**Records to use**
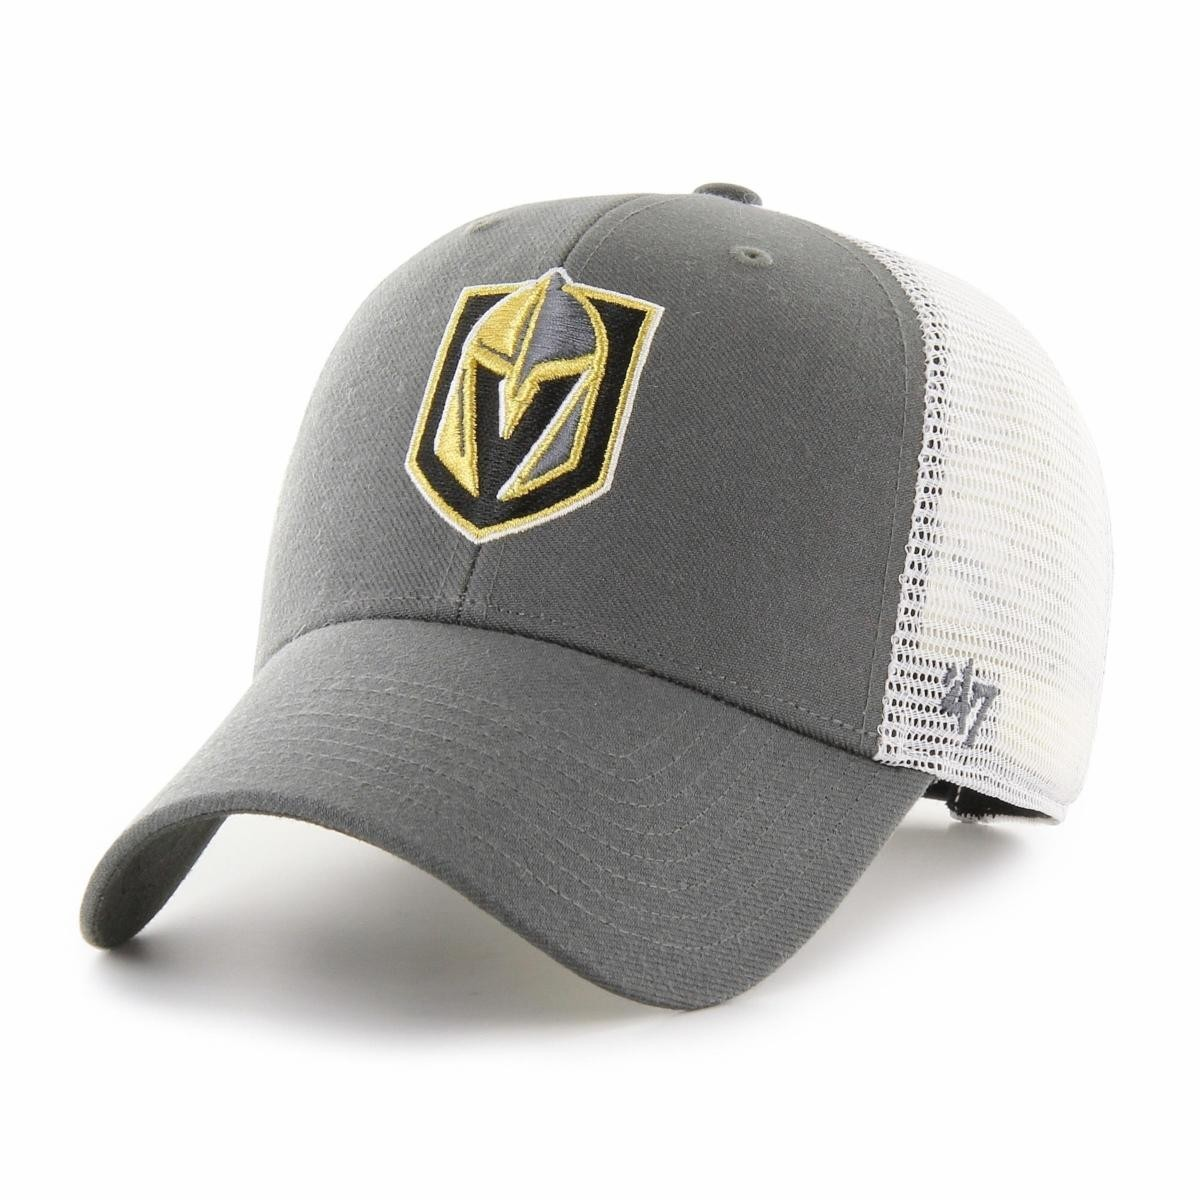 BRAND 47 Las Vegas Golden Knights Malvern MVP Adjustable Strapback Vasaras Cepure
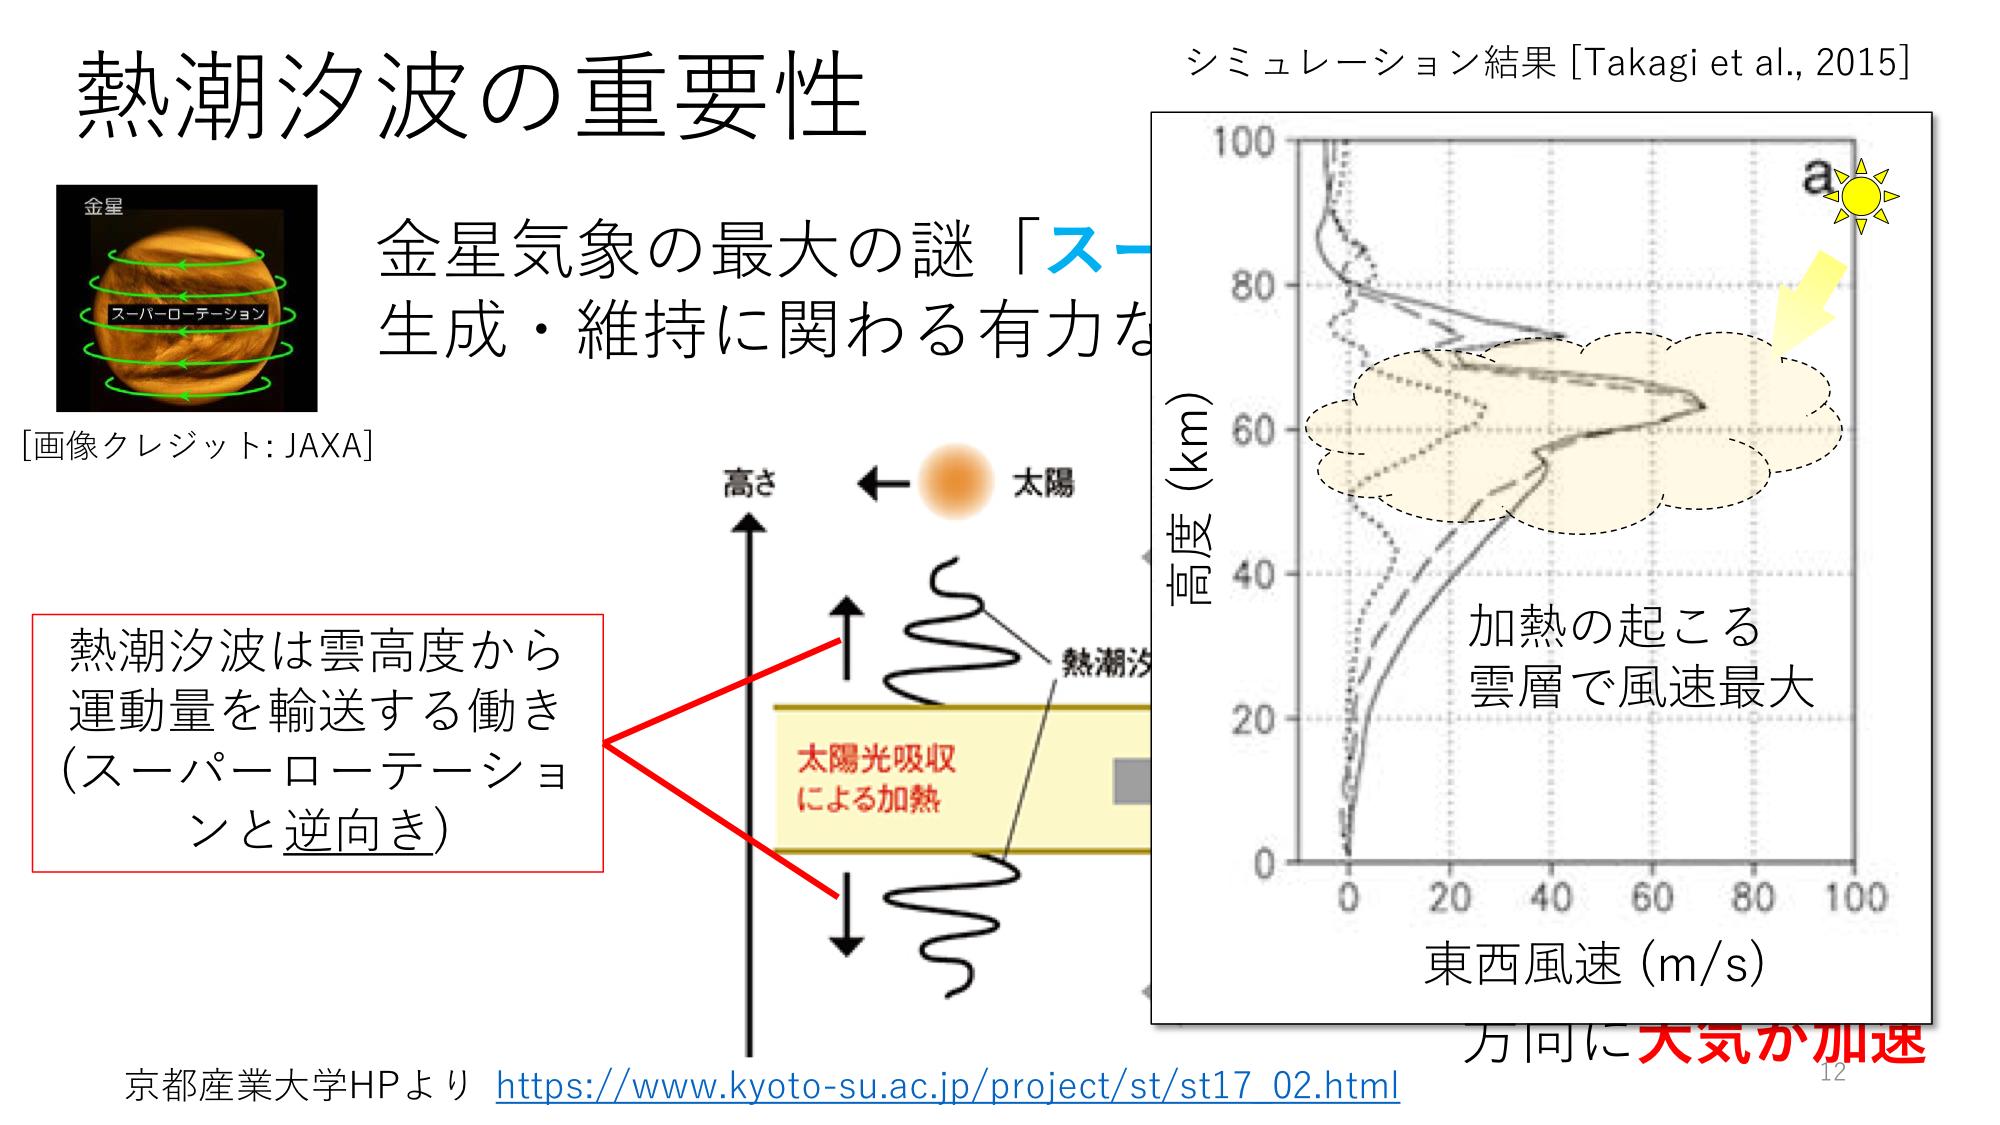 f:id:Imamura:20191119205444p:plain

---

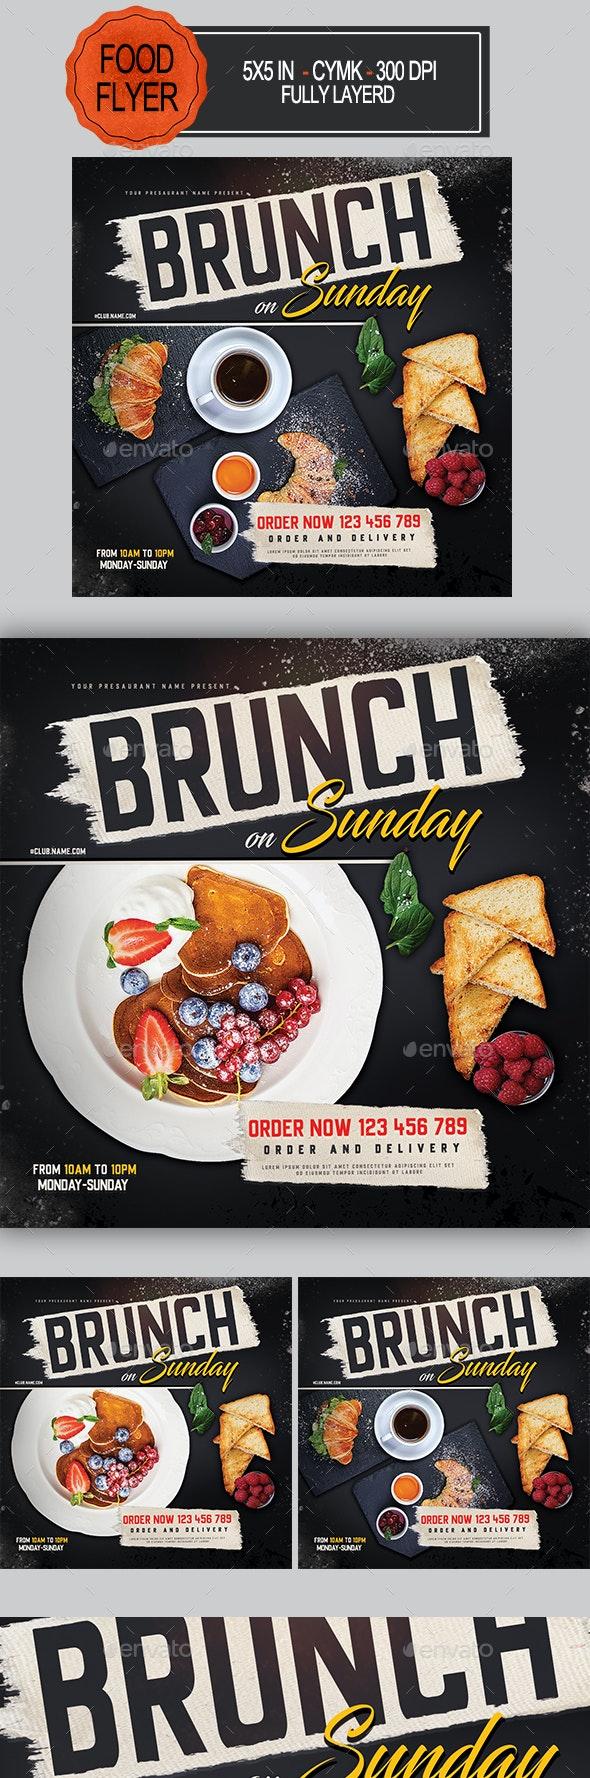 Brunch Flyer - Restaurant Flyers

**Task to complete**
Go down the entries above from the line containing "BRAND 47 Las" to the line containing "f:id:Imamura:20191119205444p:plain" and write out each line exactly, leaving pictures out.

**Result below**
 BRAND 47 Las Vegas Golden Knights Malvern MVP Adjustable Strapback Vasaras Cepure
 f:id:Imamura:20191119205444p:plain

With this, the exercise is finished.